May

29

2014

12:30—2:00 PM
Center for Global Development
2055 L Street, NW
- Fifth Floor
Washington, DC 20036
SEMINAR

Redistribution, Inequality, and Growth

Featuring
Andrew Berg
Assistant Director and Chief of the Development Macroeconomics Division, Research Department, International Monetary Fund

Introduction
Nancy Birdsall
President, Center for Global Development

Q & A
Vijaya Ramachandran
Senior Fellow, Center for Global Development

Economists are increasingly focusing on the links between rising inequality and the fragility of growth. The relationship between inequality, leverage and the financial cycle which sowed the seeds for 2007-08 global financial crisis, together with the disproportionate political influence of the rich, create a narrative of excess. Andrew Berg will discuss the effect of this narrative on the financial crisis in his new paper, coauthored with Jonathan Ostry and Charalambos Tsangarides.
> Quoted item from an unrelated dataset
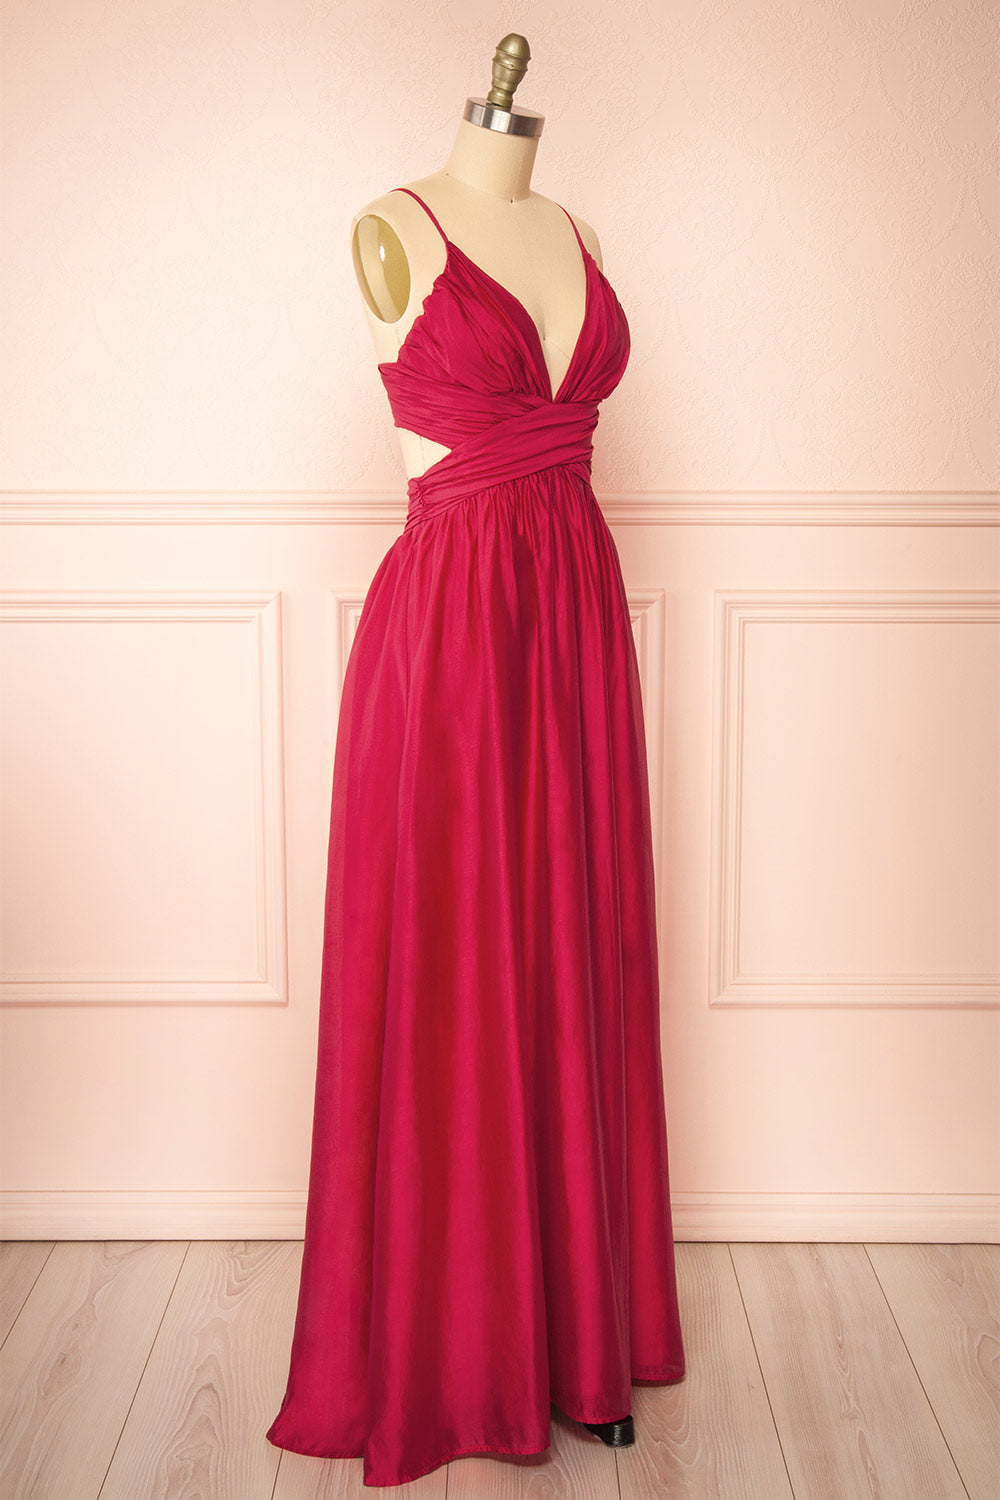 Tallua Long Magenta Dress w/ Plunging Neckline | Boutique 1861 side view

The authors offer three key findings. First, more unequal societies tend to redistribute more. This makes it imperative that we understand the relationship between growth and inequality, in order to distinguish between market and net inequality. Second, this distinction allows us to see that lower net inequality is robustly correlated with faster and more durable growth. Finally, redistribution appears benign in its impact on growth; only in extreme cases is there evidence of a negative effect on growth. They conclude that combined direct and indirect effects of redistribution are, on average, pro-growth, when the growth effects of resulting lower inequality are taken into account.